Exercise brief: Print the entire listing below word for word, excluding its pictures.

Dataset excerpt:
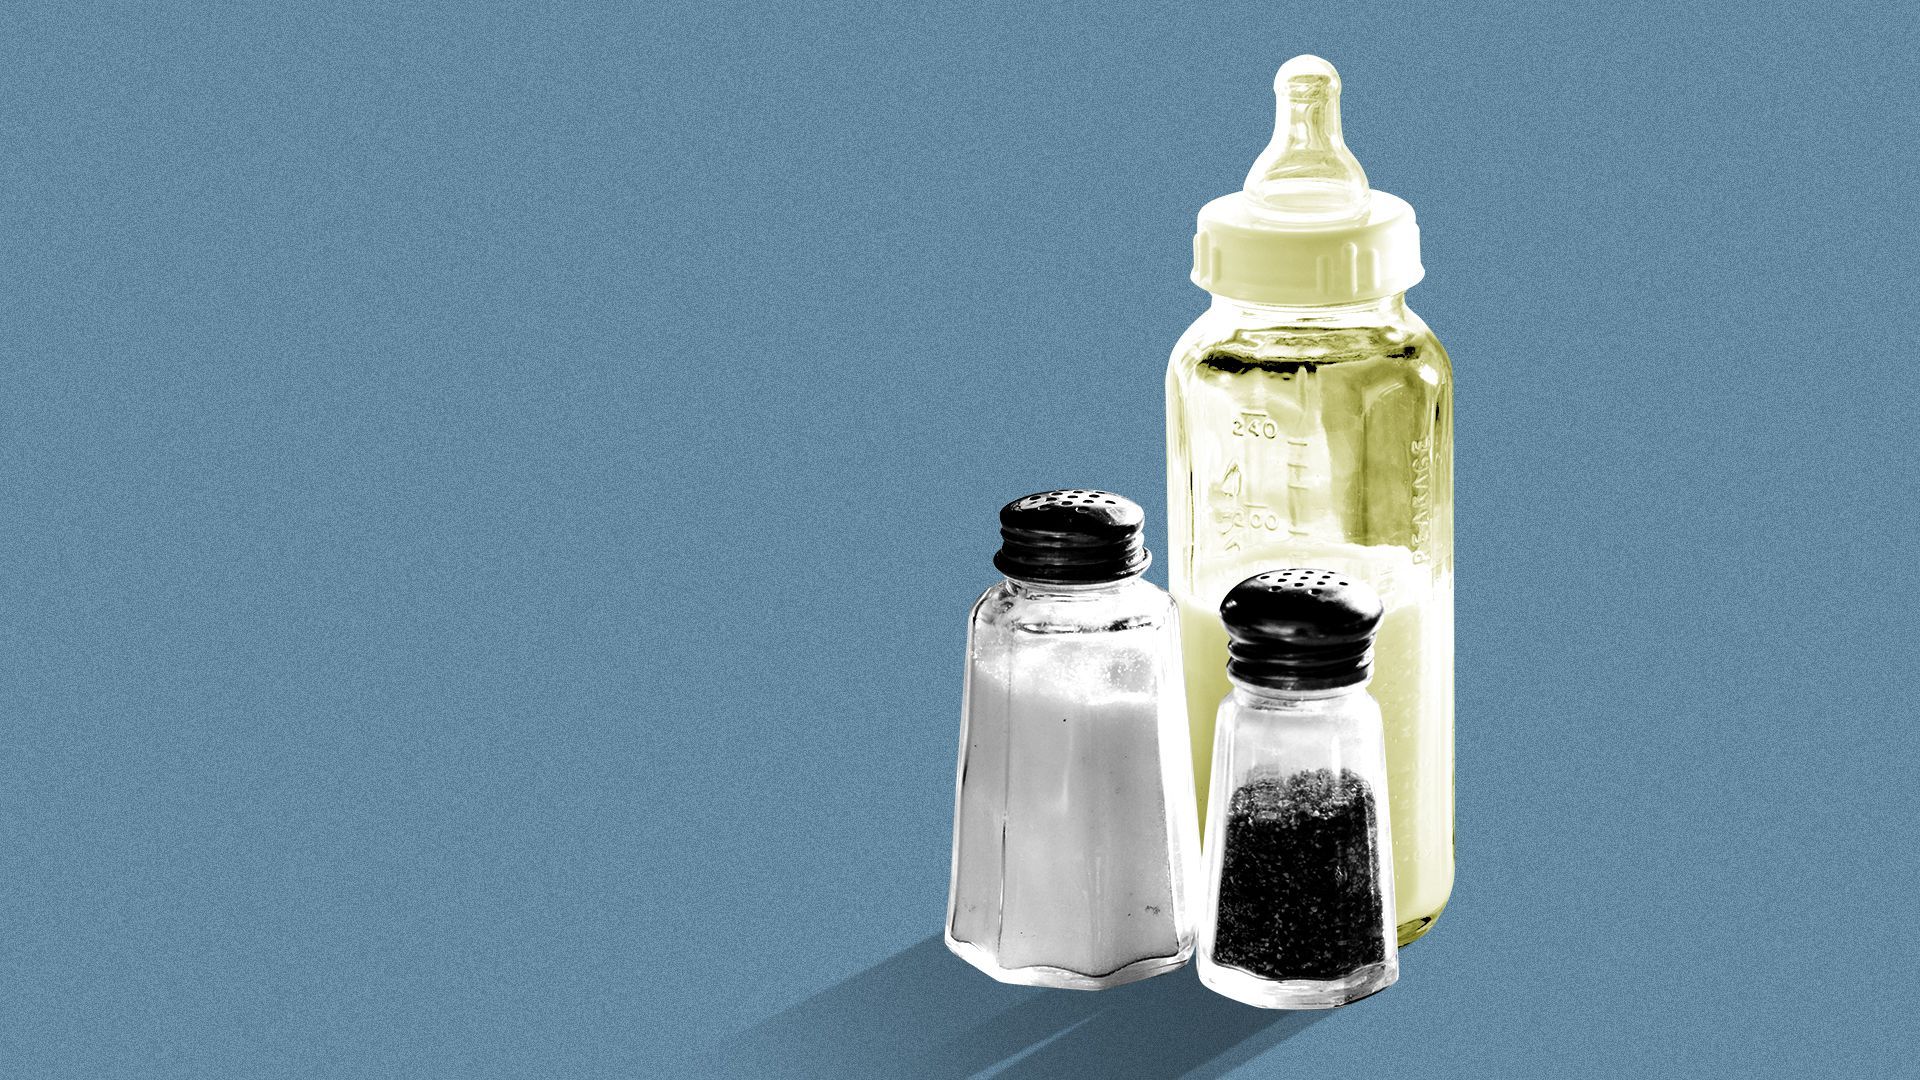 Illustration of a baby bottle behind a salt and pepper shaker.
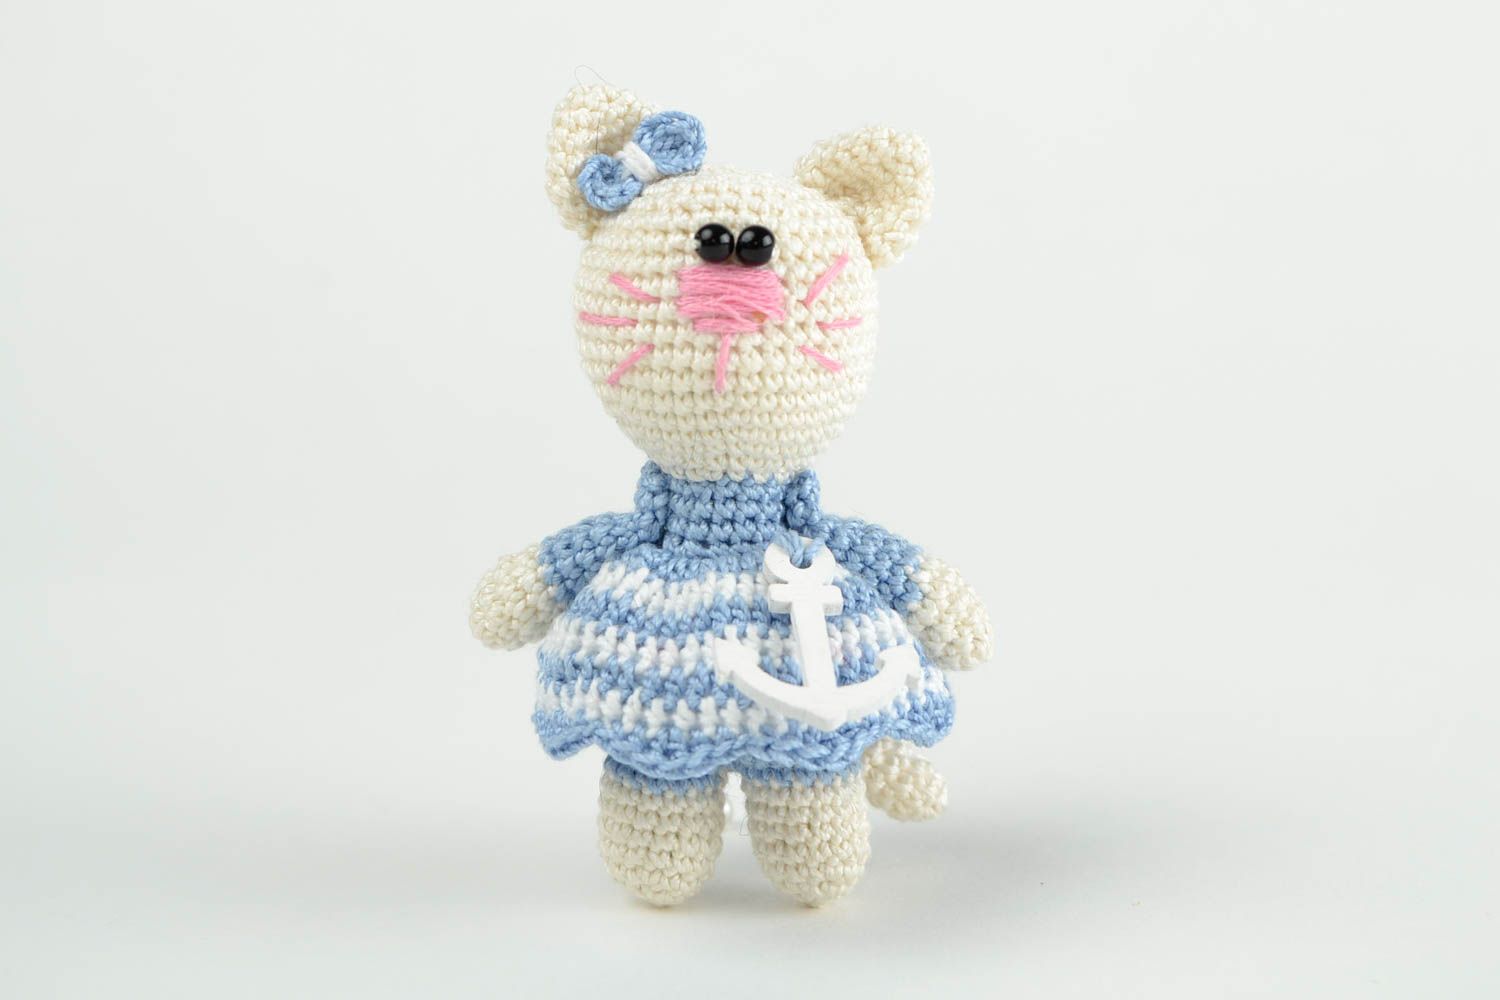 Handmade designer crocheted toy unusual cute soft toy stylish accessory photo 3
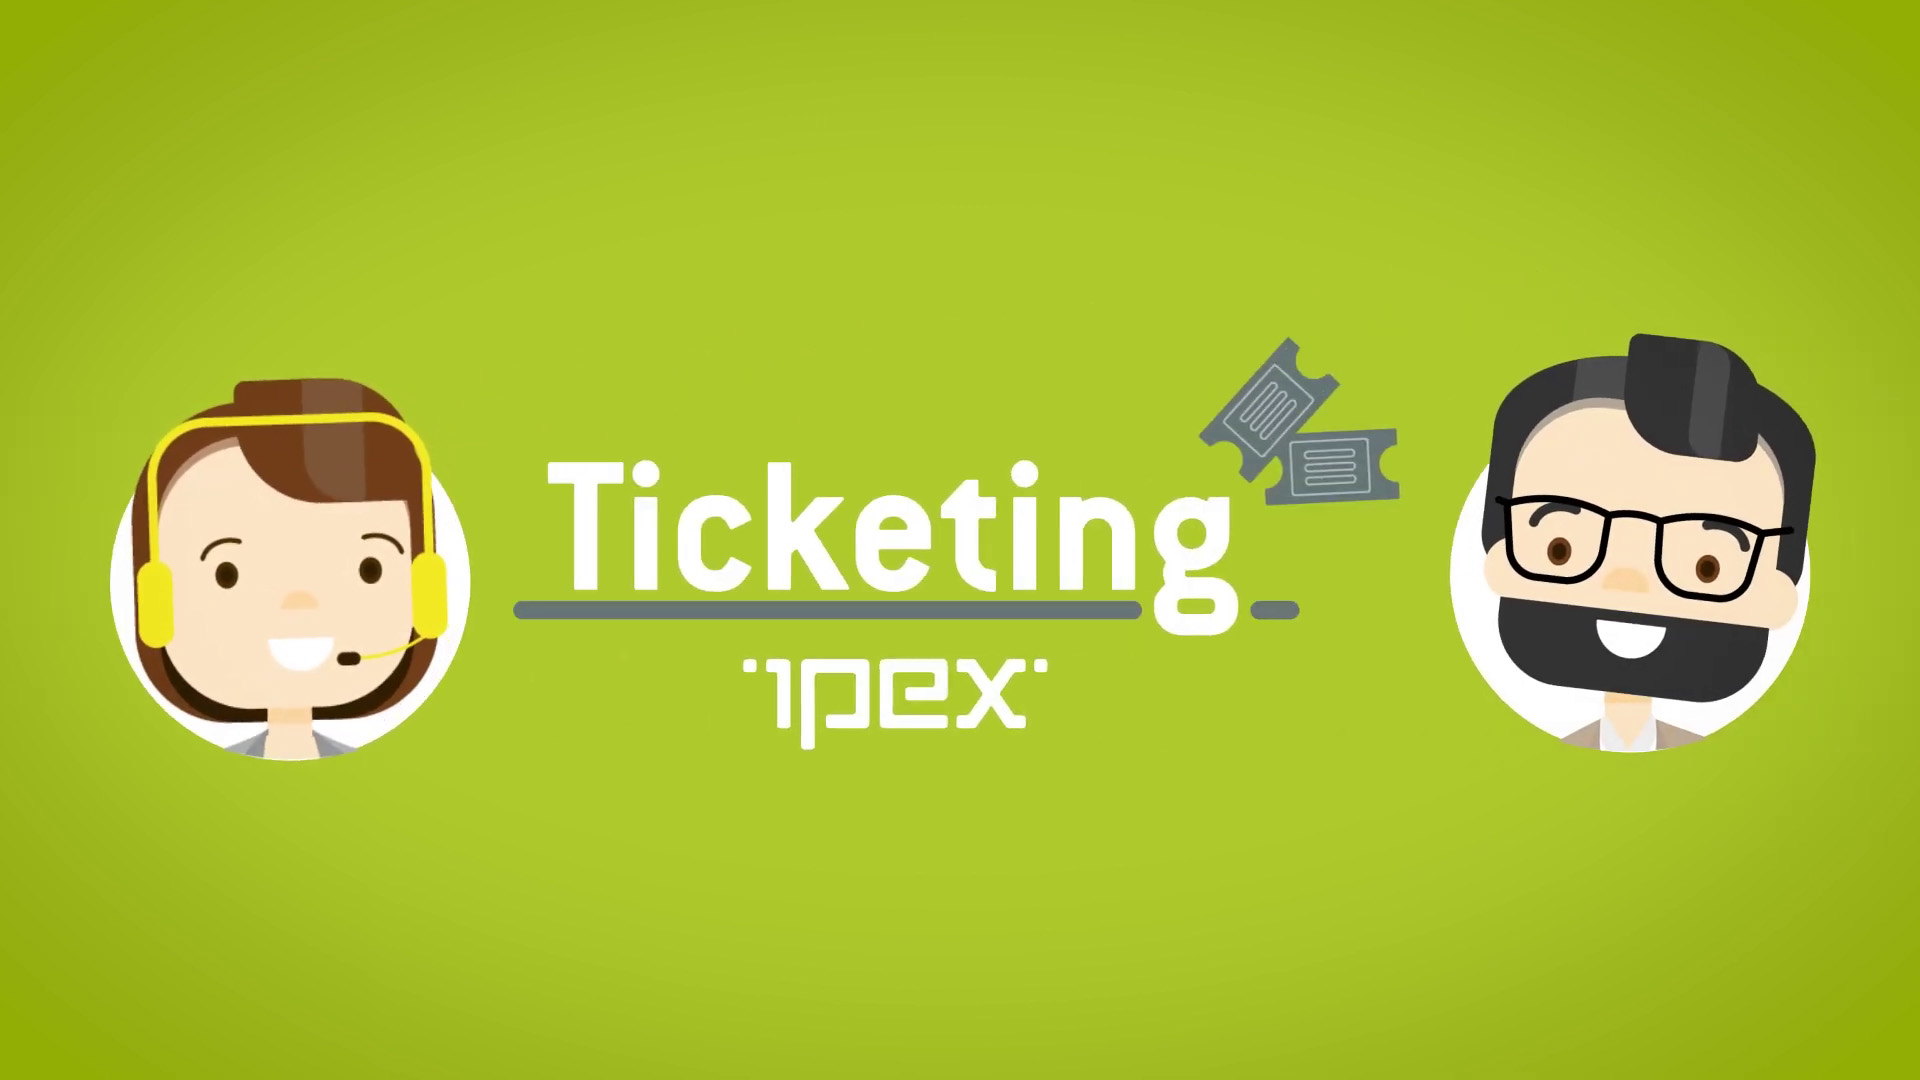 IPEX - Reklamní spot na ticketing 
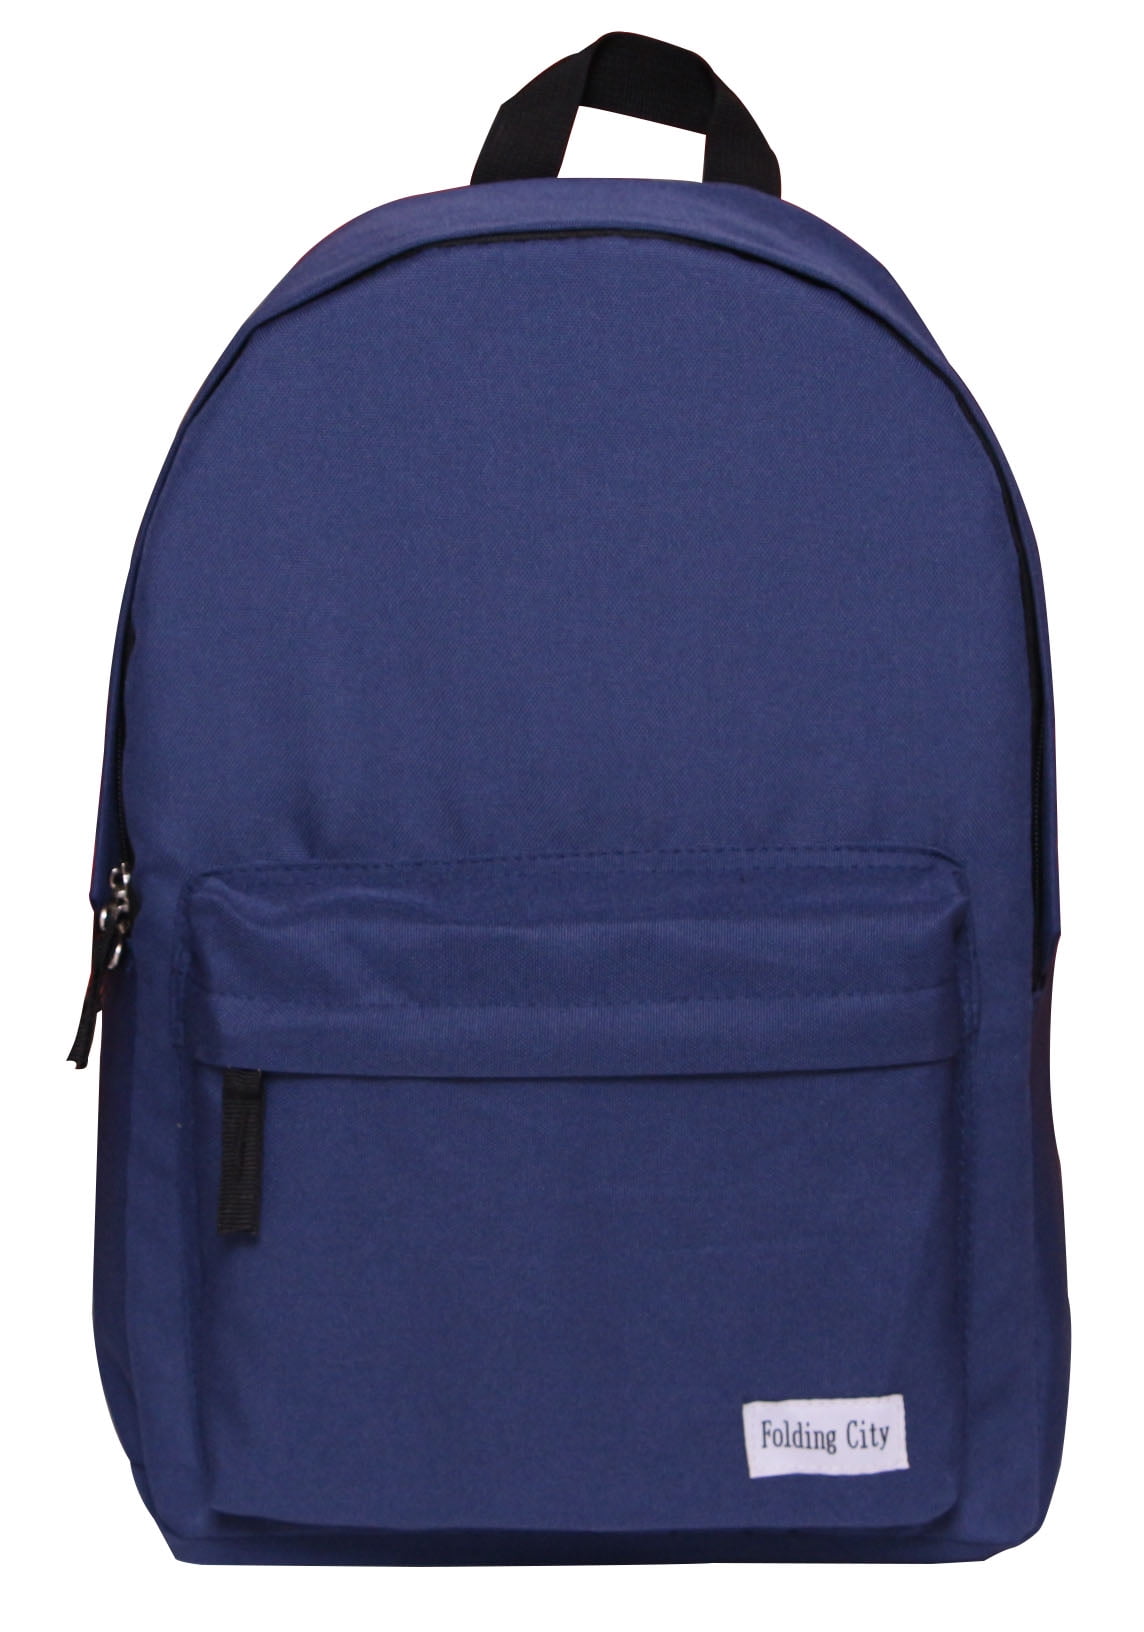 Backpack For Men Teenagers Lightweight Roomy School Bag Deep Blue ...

Answer space:
 Illustration of a baby bottle behind a salt and pepper shaker.
 Handmade designer crocheted toy unusual cute soft toy stylish accessory photo 3
 IPEX - Reklamní spot na ticketing 
 Backpack For Men Teenagers Lightweight Roomy School Bag Deep Blue ...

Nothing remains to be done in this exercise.